### EXERCISE PROMPT:
The whole listing below should be retyped exactly, without any images.

### DATASET EXTRACT:
+ + + + +

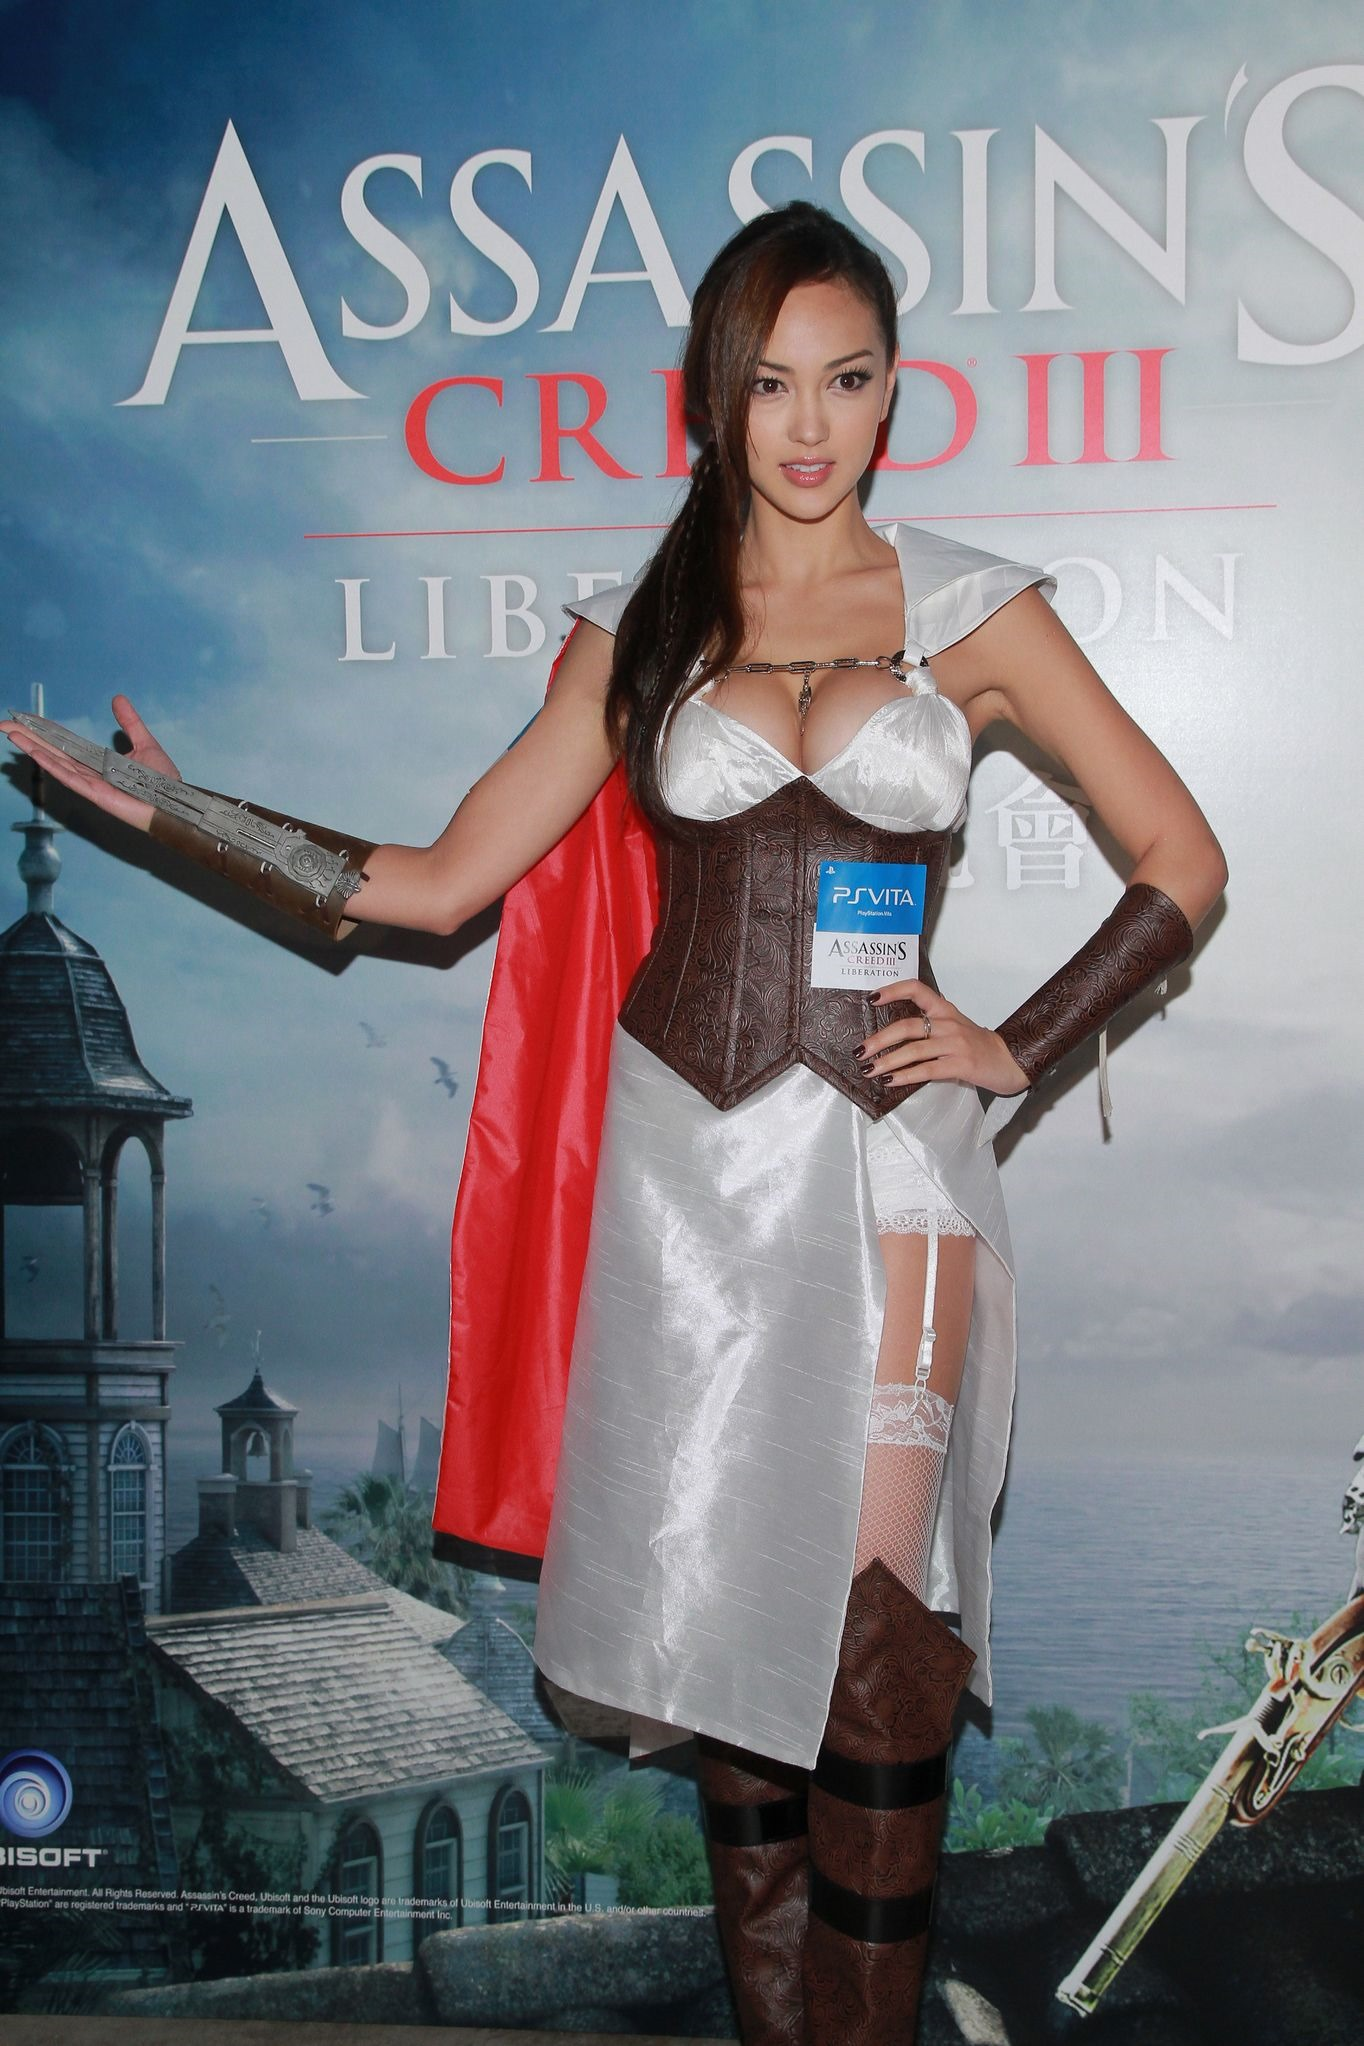 Assassins Creed III Liberation Cosplay
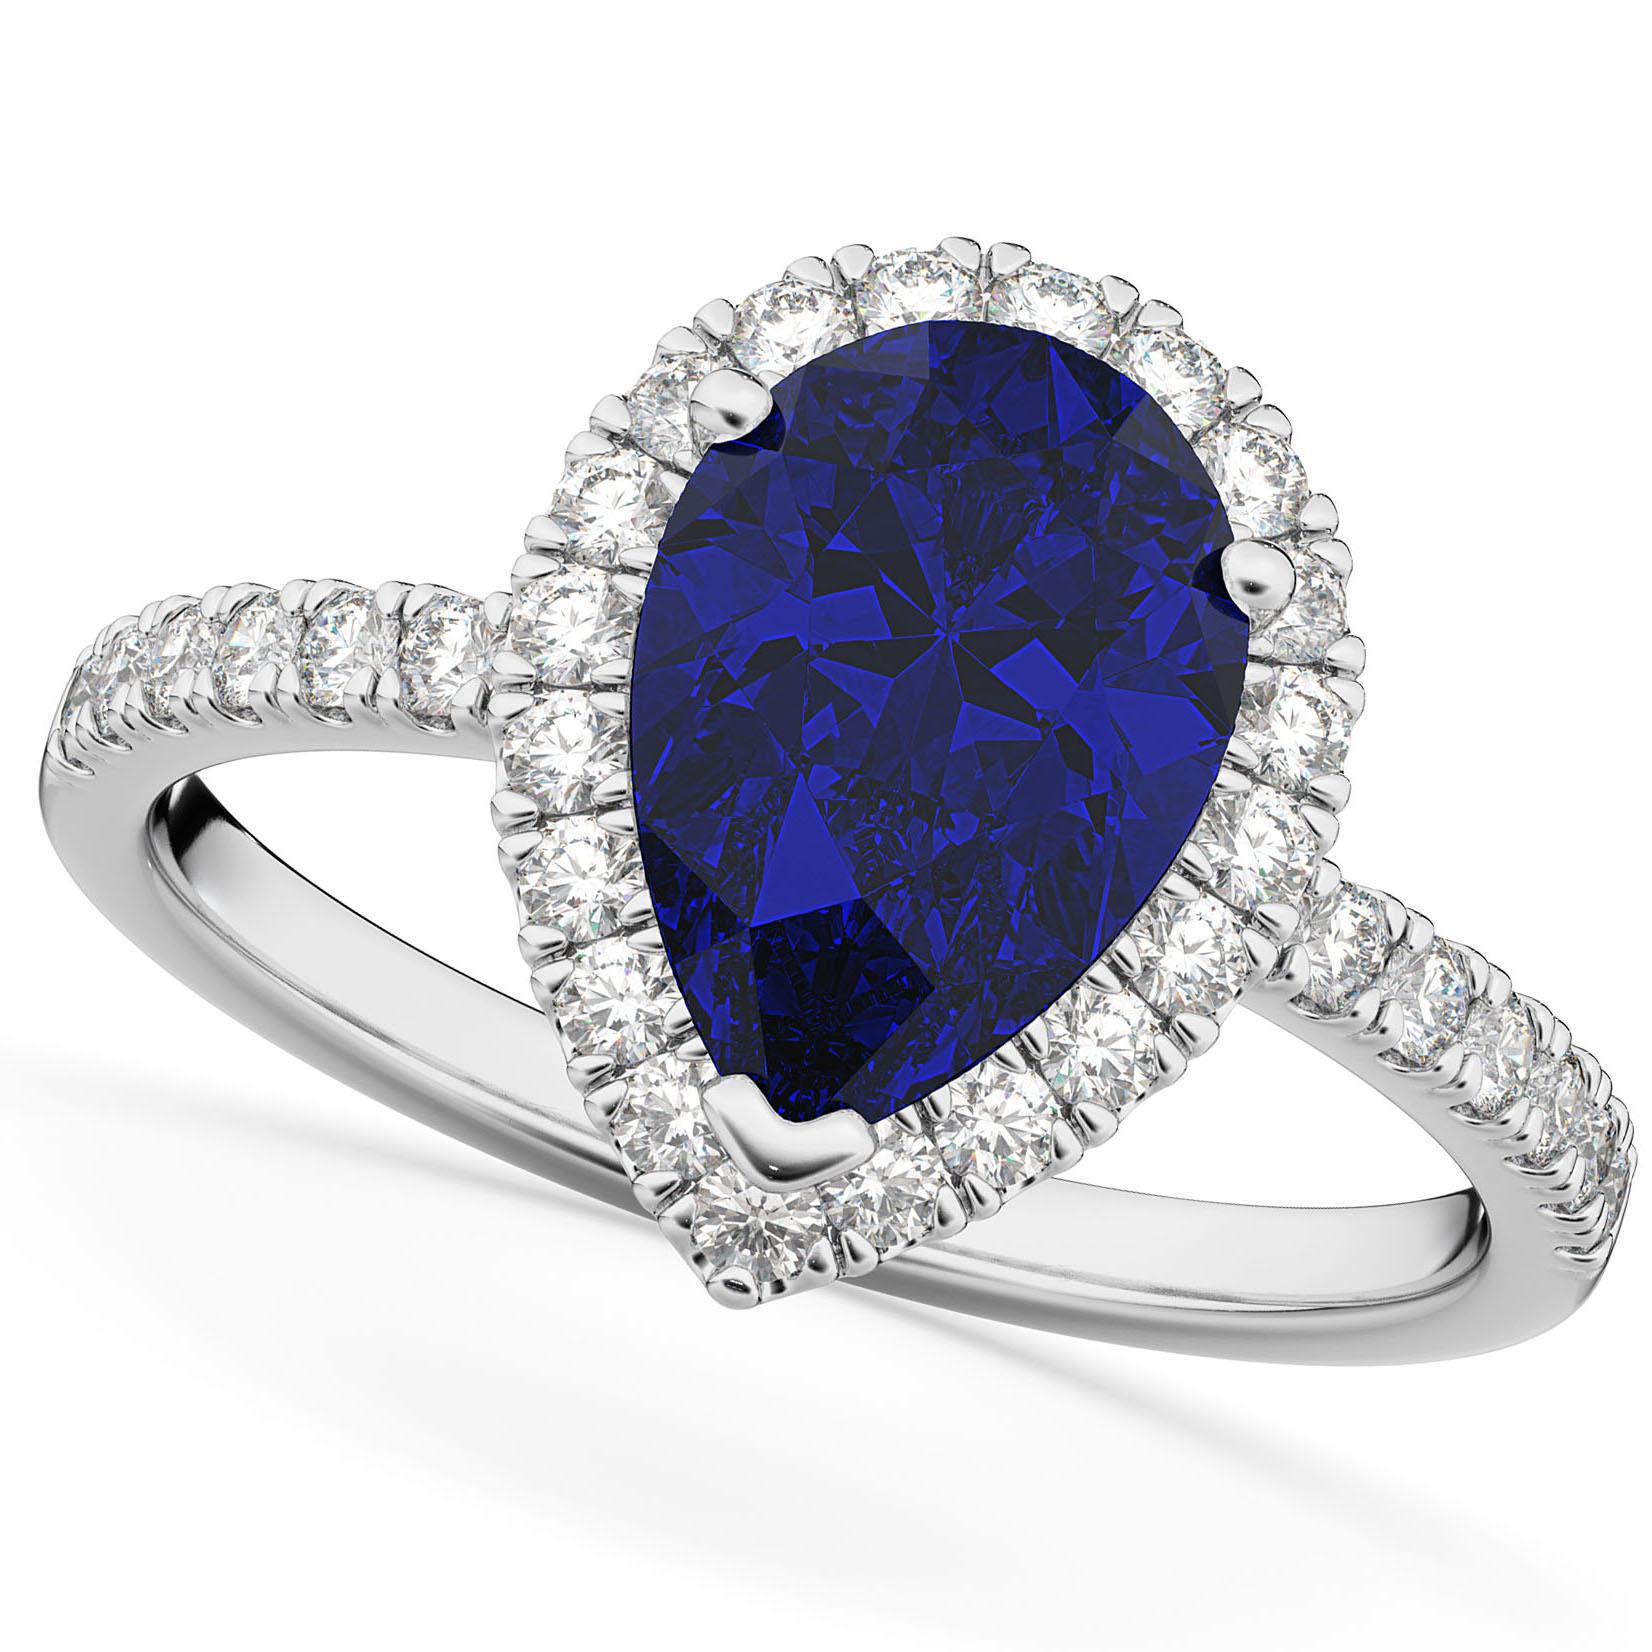 Pear Cut Halo Blue Sapphire & Diamond Engagement Ring 14K White Gold 3.01ct
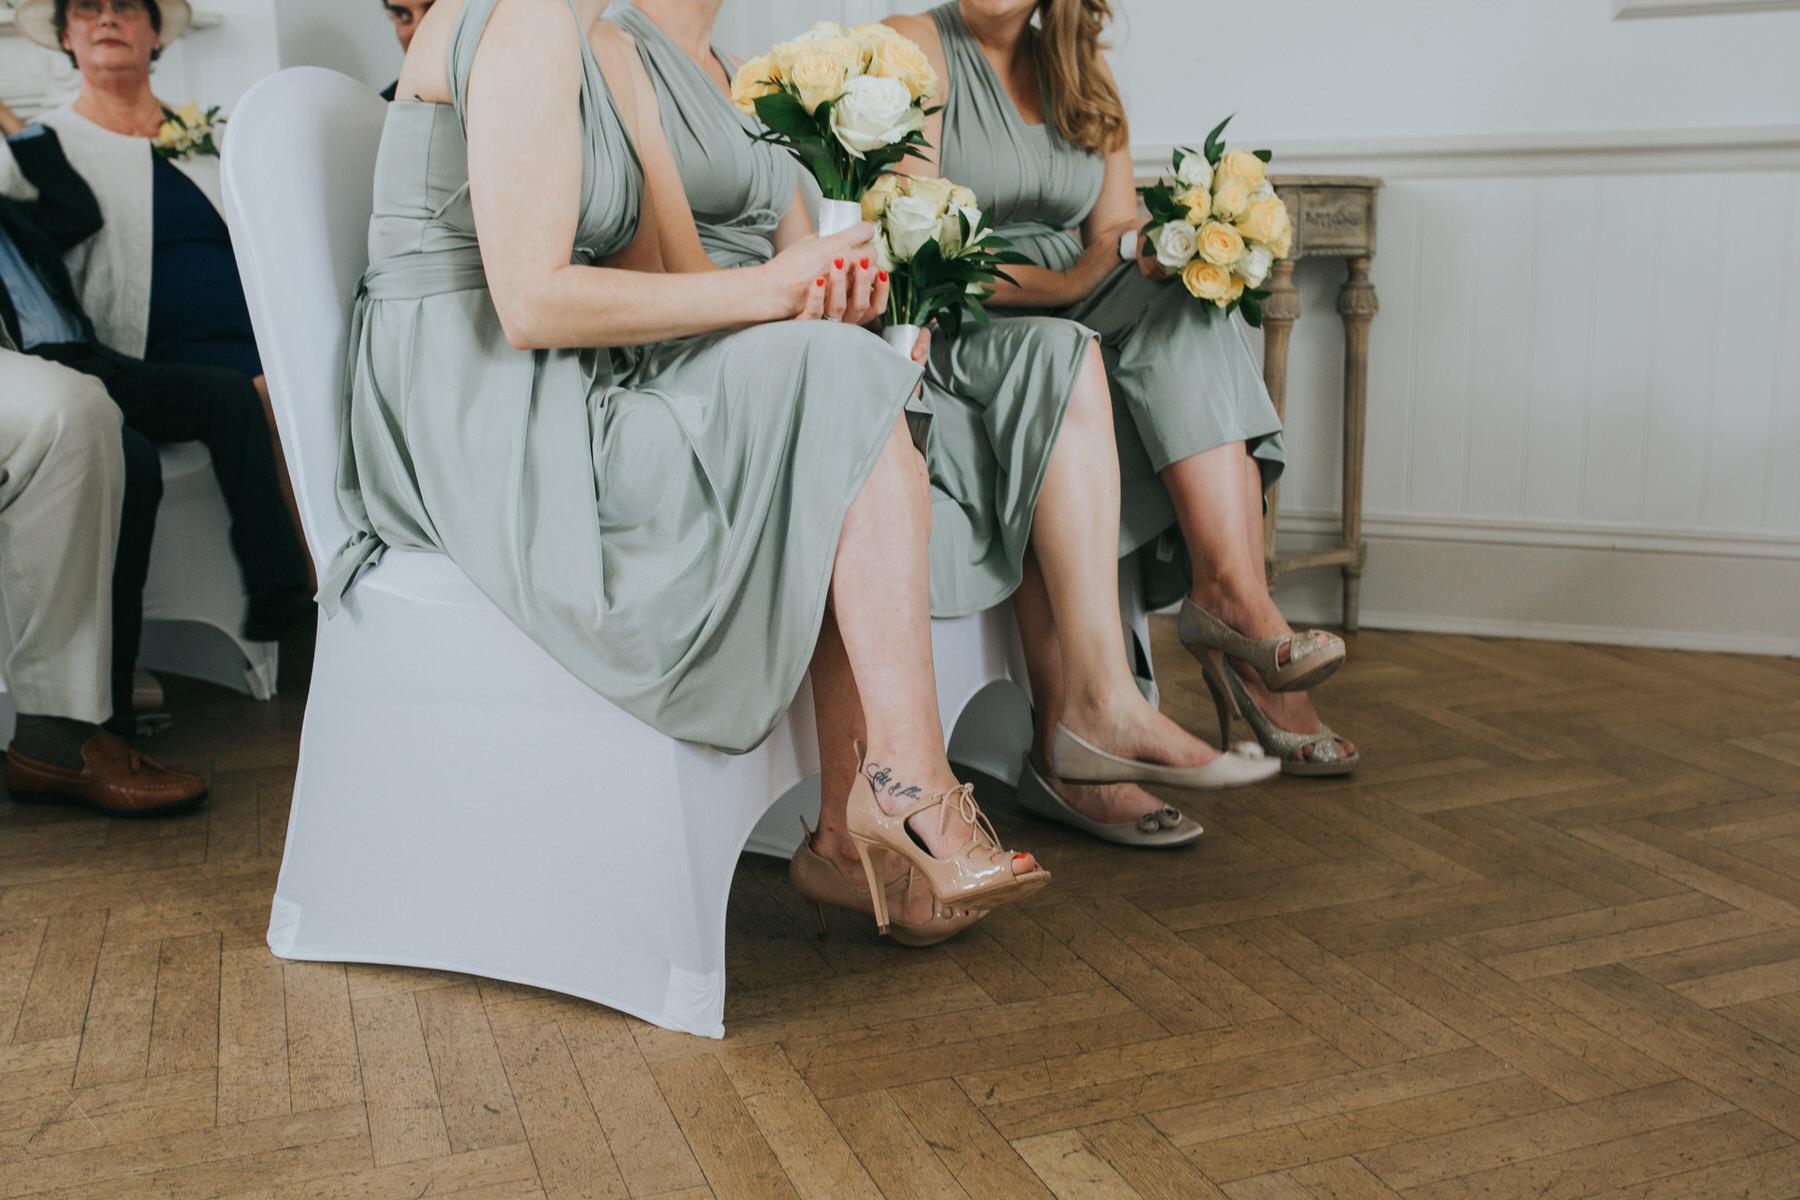 110 bridesmaids shoe shot parquet floor Belair House.jpg

+ + + + +

### OUTPUT FOR THIS TASK:
 Assassins Creed III Liberation Cosplay
 Pear Cut Halo Blue Sapphire & Diamond Engagement Ring 14K White Gold 3.01ct
 110 bridesmaids shoe shot parquet floor Belair House.jpg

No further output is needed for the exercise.